We need to account for a few things:

If 2 server pods run simultaneously, they both might get the same Backup or Restore in a New state. They would both attempt to change the state to InProgress, they would likely both succeed, resulting in undesirable behavior.
If a Backup or Restore is InProgress and the server terminates for any reason (scaled down, crashes, terminates normally), we ideally need to be able to have the replacement server process pick up whatever was in progress instead of having it linger.

rosskukulinski · 2018-06-14T04:37:56Z

From a use-ability perspective, I think this is a particularly important issue for us to tackle. There are a number of reasons why two Server pods might be running simultaneously and we need to handle that gracefully.

In addition, there's lots of ways an InProgress backup get stuck because a server exits. Again, we need to handle this gracefully. Metrics in #84 may be able to help (gauge displaying the current number of backups InProgress or Failed) visualize these issues, but it won't fix them.

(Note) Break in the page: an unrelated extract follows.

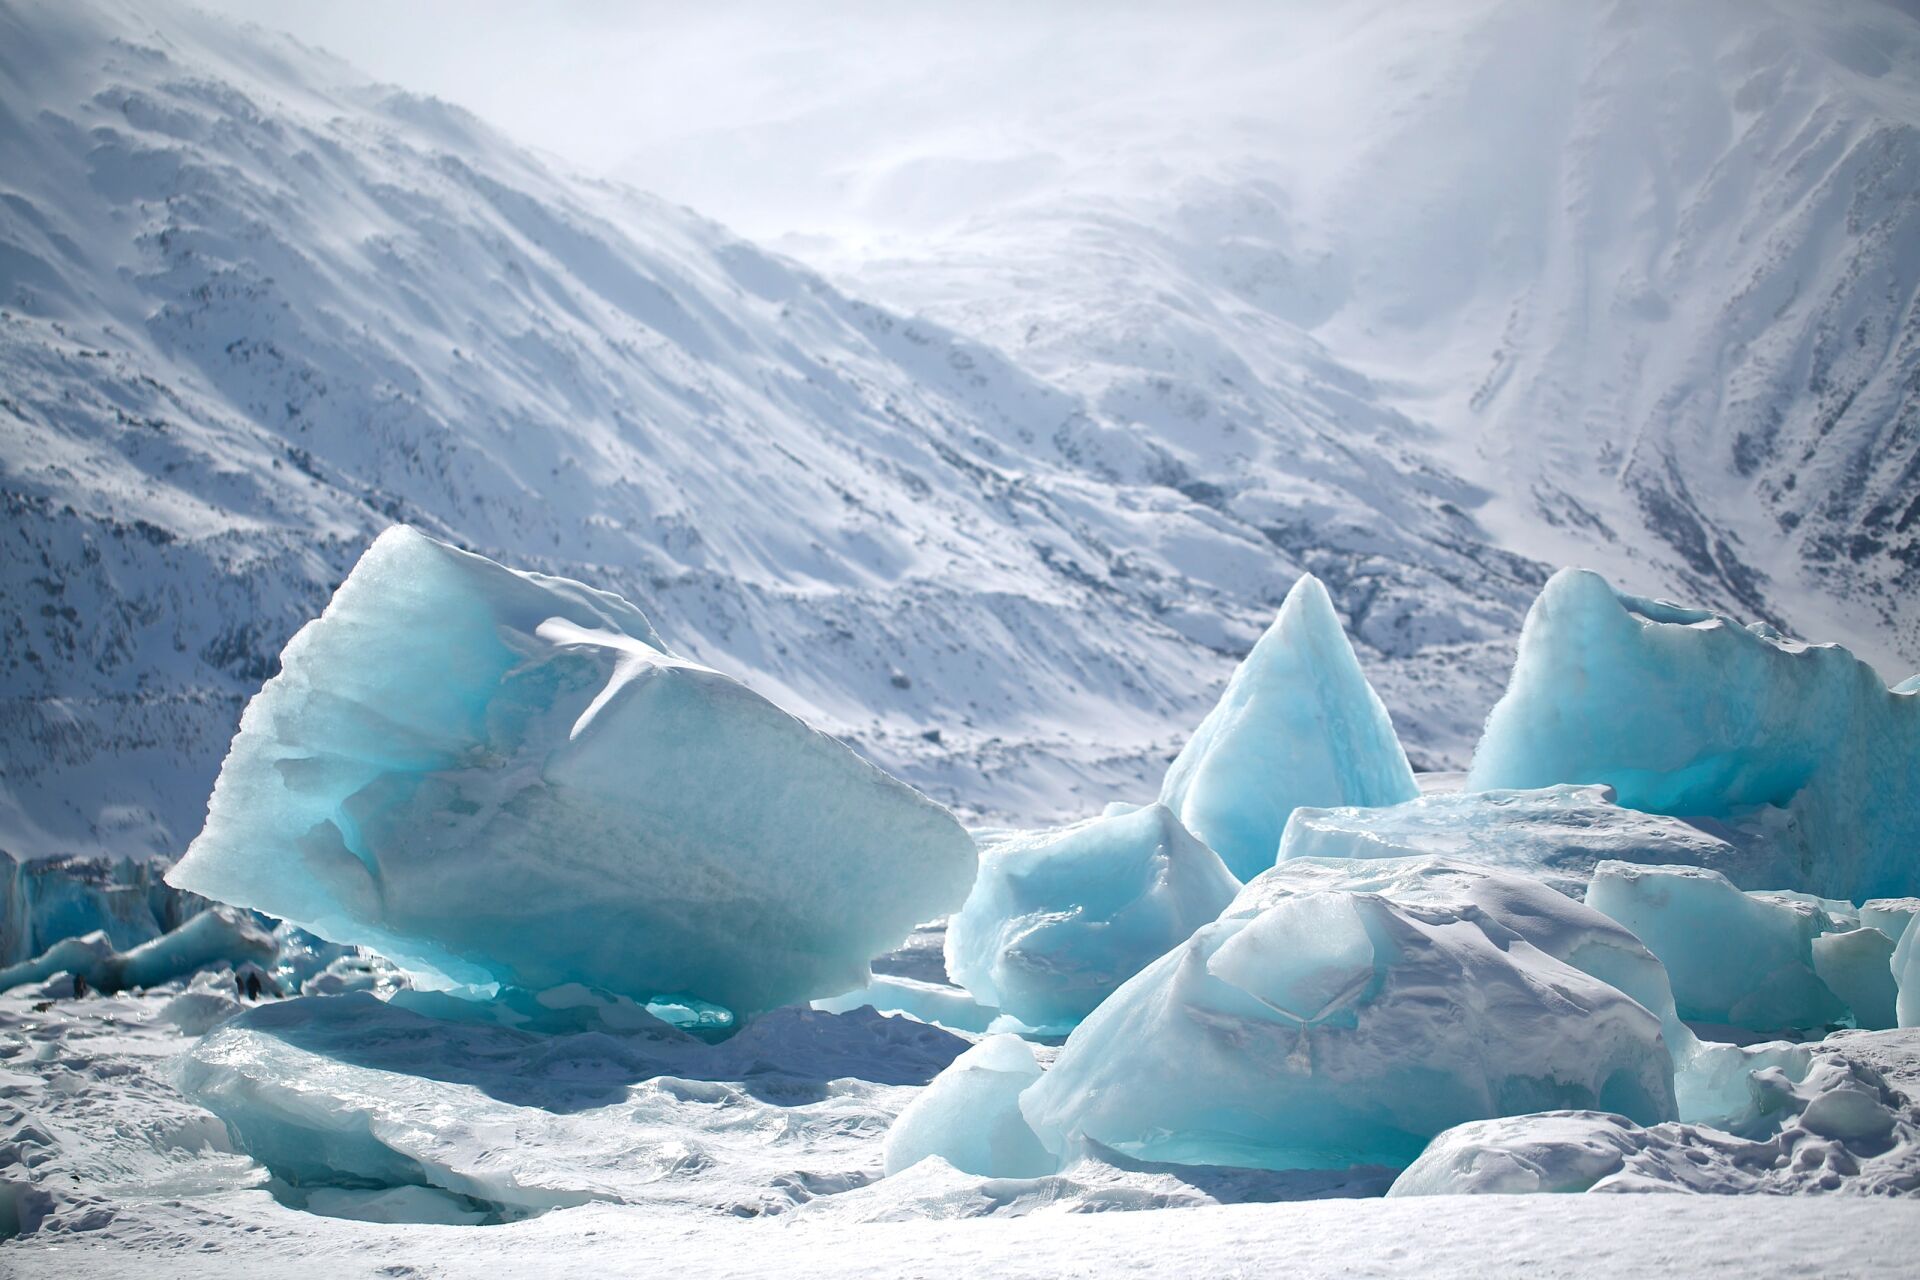 来古冰川 千年蓝冰 来古冰川应该是国内最容易到达而且能看到有蓝冰的

ncdc · 2018-06-14T11:41:07Z

A backup/restore won't get stuck during normal shutdown operations because the Ark server waits for all in-progress work to complete before terminating. If that work takes too long and exceeds the pod's deletion grace period, then Kubernetes would forcefully kill the container, and that would interrupt the in-progress work before it had a chance to finish.

There are, however, plenty of situations where the Ark server could exit while doing work:

exceeding the grace period on a normal shutdown
OOM killed
a bug of some sort that causes a crash

This is definitely something we need to handle

rosskukulinski · 2018-08-06T20:11:53Z

This needs a quick test (from code) to trigger:

get a backup thats new
patch it to inprogress
patch again to inprogress (this should fail, since already in progress)

ncdc · 2018-10-11T19:19:08Z

I had a thought about how to implement this.

Each ark server process is assigned a unique identifier - the name of the pod (we can get the value using the downward API and pass it to ark server as a flag).

Each controller worker is also assigned a unique identifier.

When a new item (backup, restore) is processed by a controller, the first thing the controller attempts to do is set status.arkServerID and status.workerID. Assuming that succeeds without a conflict, the worker can proceed to do its work.

When a worker sees an InProgress item, it checks status.arkServerID

If there are no running pods matching that name, the worker resets the status back to New for reprocessing.
If there is a running pod matching that name, and it matches this ark server, reset the status to New if there are no active workers matching status.workerID

The controller would also need add event handlers for pods. Upon a change, we'd want to reevaluate all InProgress items to see if they need to be taken over.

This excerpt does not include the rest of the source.